Re: Lower-casing Substrings and Iterating Two Files together

When I initially read this, I did not assume the sequences in "data2.txt" were always as long as the corresponding sequences in "data1.txt". Prior replies have assumed they are and produced suggestions that are more efficient than what I propose. If the assumption is not true, this can be done with regular expressions. This snippet uses the OP's "seq1" to demonstrate constructing search and replace strings from the "hard mask" provided.

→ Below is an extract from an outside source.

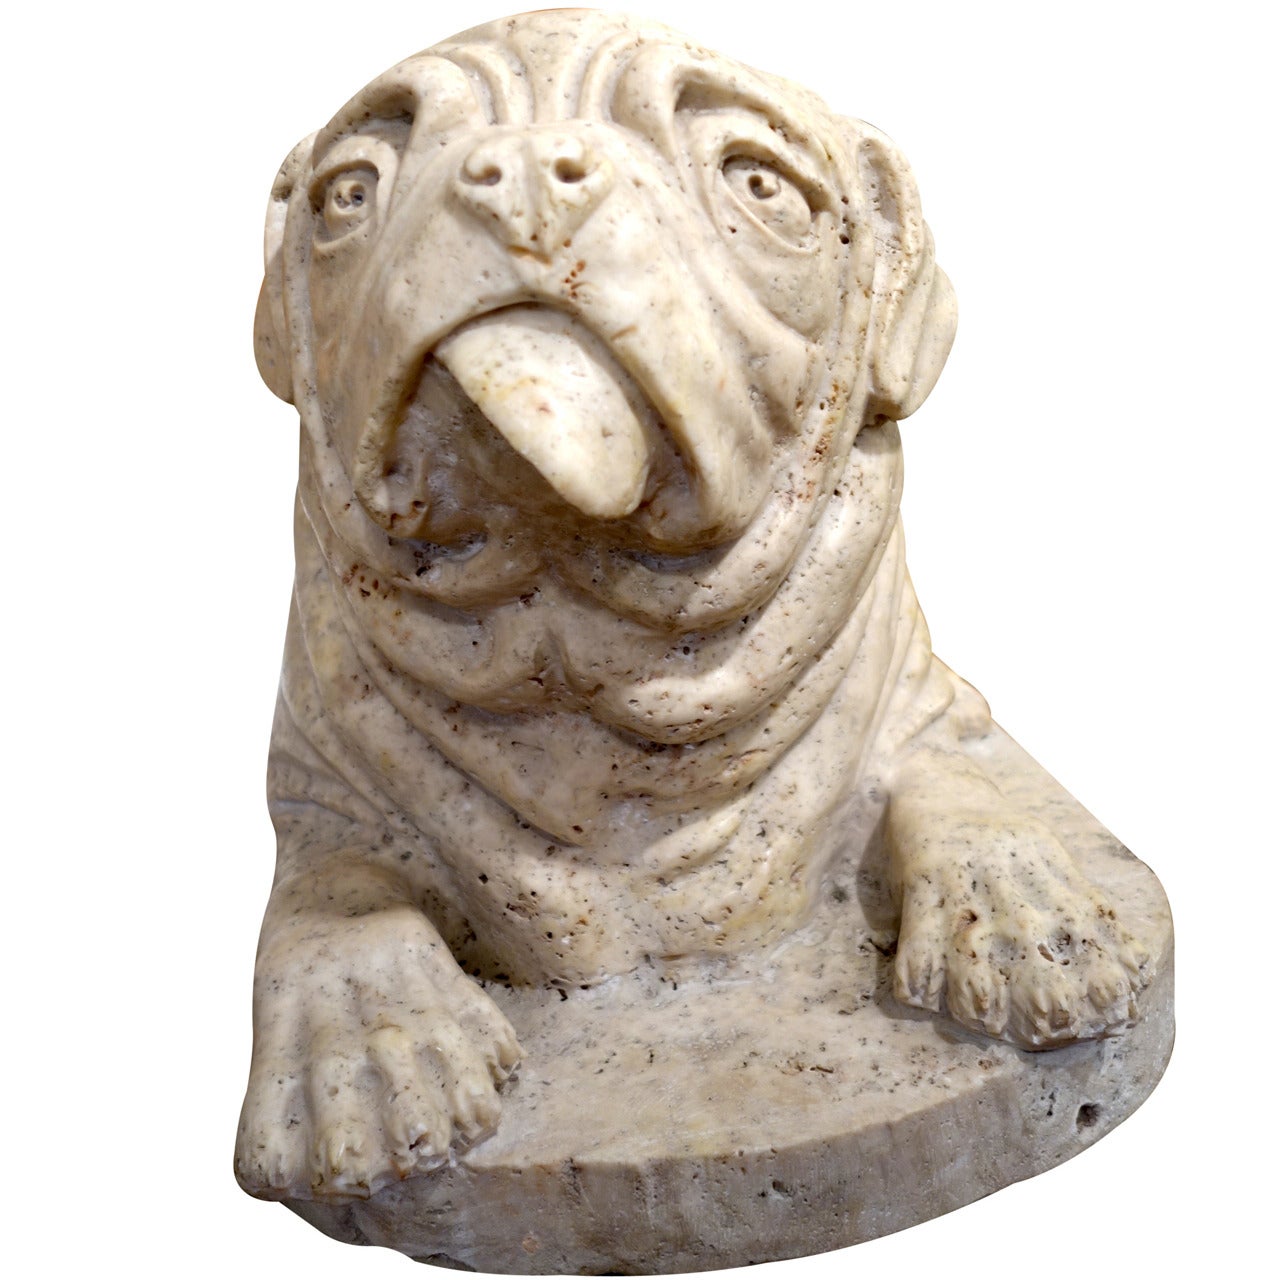 Solid Marble Carving of a Bulldog or Pug Dog with Character

$seq =  'GGTACACAGAAGCCAAAGCAGGCTCCAGGCTCTGAGCTGTCAGCACAGAGACCGAT';
$mask = 'GGTNNNNNNNNNNNNNNNNNNNNNNNNNNNNNNNNNNNNNNNNNNNNNNNNNNNNT';

($srch = $mask) =~ s/(N+)/($1)/g;
$srch           =~ tr/N/./;

$cnt = 1;
($repl = $mask) =~ s/N+/" . lc(\$" . $cnt++ . ") . "/ge;

print $srch, "\n", $repl, "\n\n", $seq, "\n";

$seq =~ s/$srch/$repl/ee;
print $seq, "\n";
[download]

The output should look like:

GGT(....................................................)T
GGT . lc($1) . T

GGTACACAGAAGCCAAAGCAGGCTCCAGGCTCTGAGCTGTCAGCACAGAGACCGAT
GGTacacagaagccaaagcaggctccaggctctgagctgtcagcacagagaccgaT
[download]

That said, if the aforementioned assumption does hold, I have to think that a search for efficiency should begin in the code that generated "data2.txt", if at all possible.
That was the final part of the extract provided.